Luís Alberto Ferreira, Oeiras
Colonialismo: reparação e percepção
O tema da reparação das potências coloniais aos povos colonizados já é discutido há algum tempo em Inglaterra, França, Alemanha, etc. Agora chegou a Portugal, não talvez da forma mais adequada, mas chegou. Ainda bem.
Tenho lido artigos de historiadores, políticos e comentadores. Com perspectivas diferentes, ainda bem, mas haverá um momento de síntese e de tomar decisões, e aí entram os políticos.
E estes, ao contrário dos académicos, têm de explicar a decisão aos cidadãos e cidadãs.
Cidadãos e cidadãs que têm uma percepção de que o nosso colonialismo foi benévolo e inclusivo e são resistentes a discutir o passado. Percepção criada por um discurso dominante, que não nega a sua benevolência e que ainda prevalece na esfera pública passados 50 anos do 25 de Abril. Vai ser uma tarefa difícil, mas há que iniciá-la.
António Monteiro Pais, Vimieiro (Arraiolos)
Ainda o Ministério Público
Não tendo o poder da decisão judicial, o Ministério Público (MP) tem, no entanto, um poder de grande monta, que a mais ninguém compete: o poder de iniciativa processual e, correlativamente, o poder de acusar. Este conforma o poder de cognição do tribunal, uma vez que o juiz é obrigado a ater-se aos limites traçados pela acusação. Por isso mesmo é que o poder político normalmente se preocupa mais com o controlo do MP do que com o poder dos juízes, que não oferece grande contestação.

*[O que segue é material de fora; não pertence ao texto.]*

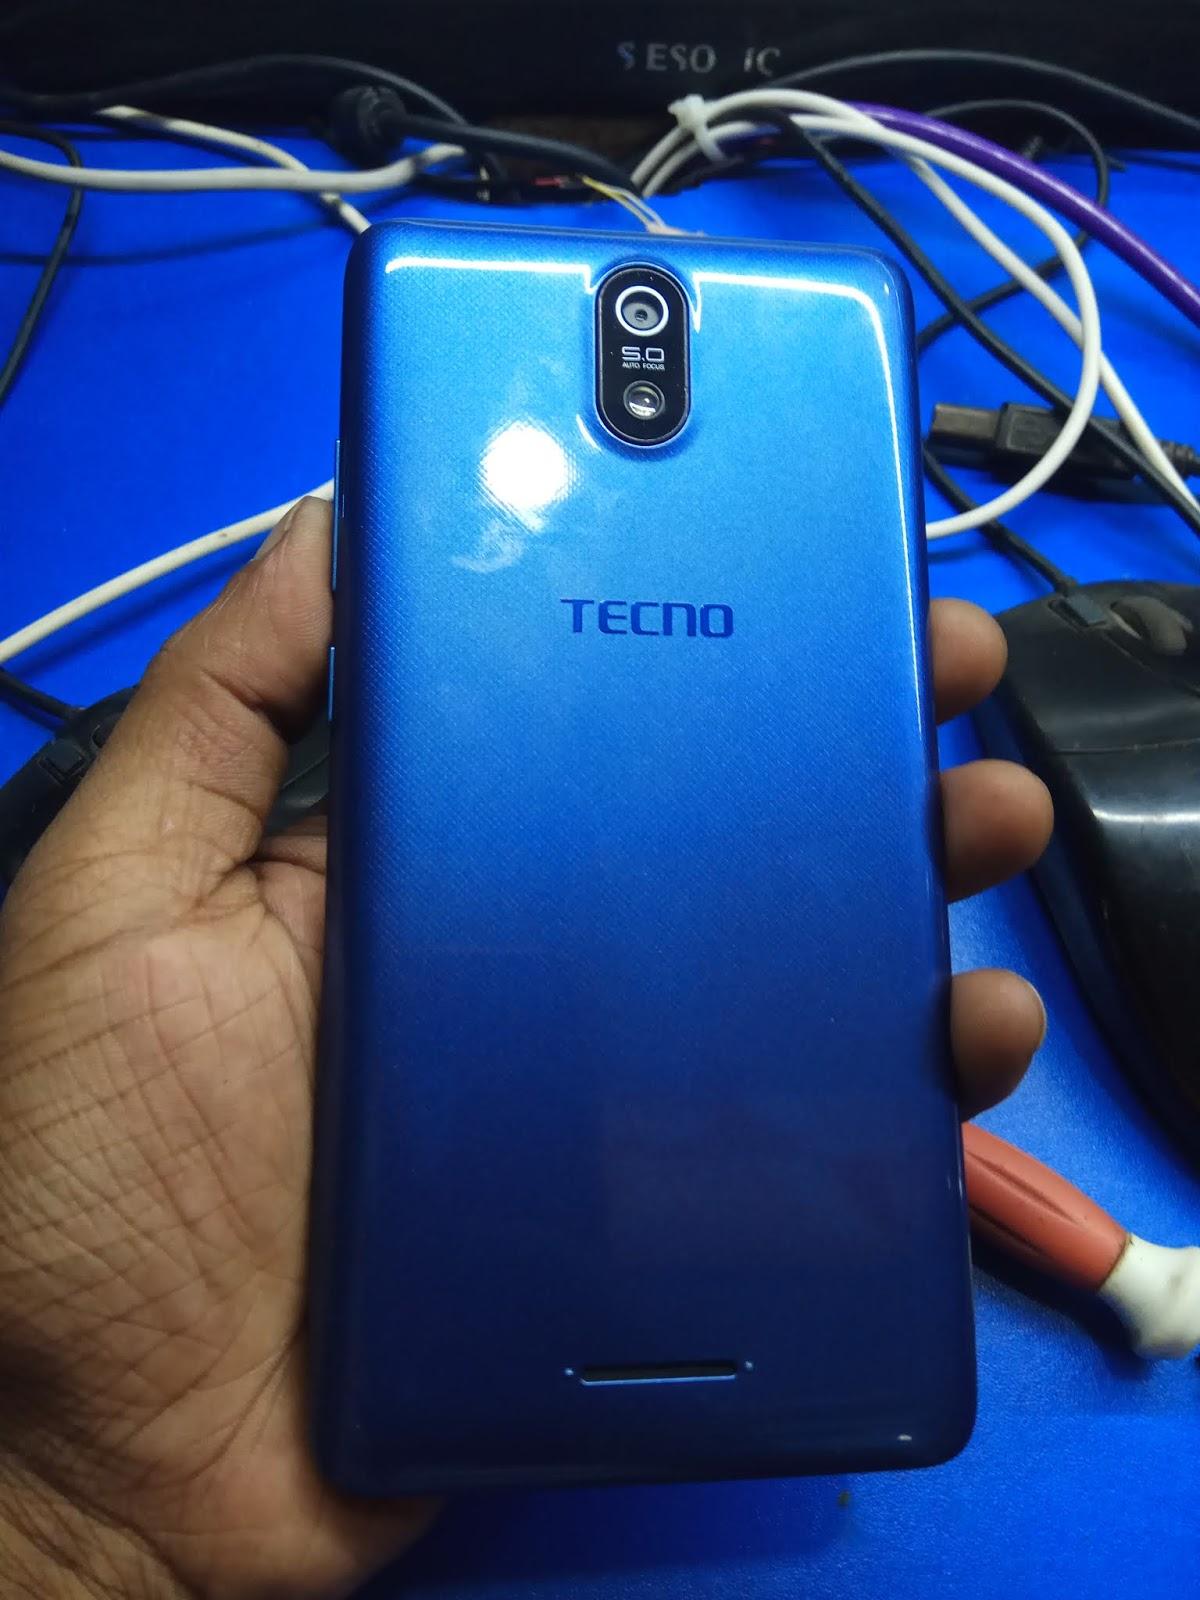 Tecno K9 Firmware

Vários Estados democráticos da Europa continental consagram a vinculação do MP ao executivo, mantendo este autonomia funcional, uma vez que o ministro da Justiça apenas pode emitir instruções de carácter genérico. Este foi o nosso sistema até 1992, em que começou a vigorar a Lei n.º 23/82, de 20/8. Actualmente, sendo autónomo, o MP não responde perante nenhum órgão de soberania, parecendo ser essa a solução desejável. Isso não significa, porém, que seja de admitir ausência de qualquer forma de controlo e de escrutínio democrático.
Não me repugna absolutamente nada que o procurador-geral da República possa ser solicitado para dar esclarecimentos sobre a actividade do MP na Assembleia da República, que é actualmente quem aprova a lei de política criminal, sob proposta do Governo (Lei n.º 17/2006, de 23/5). O limite será a proibição de discutir casos concretos que contendam com investigações em curso, mas não, a meu ver, situações espoletadas por esses casos que foram publicamente comentadas e que causaram alarme social.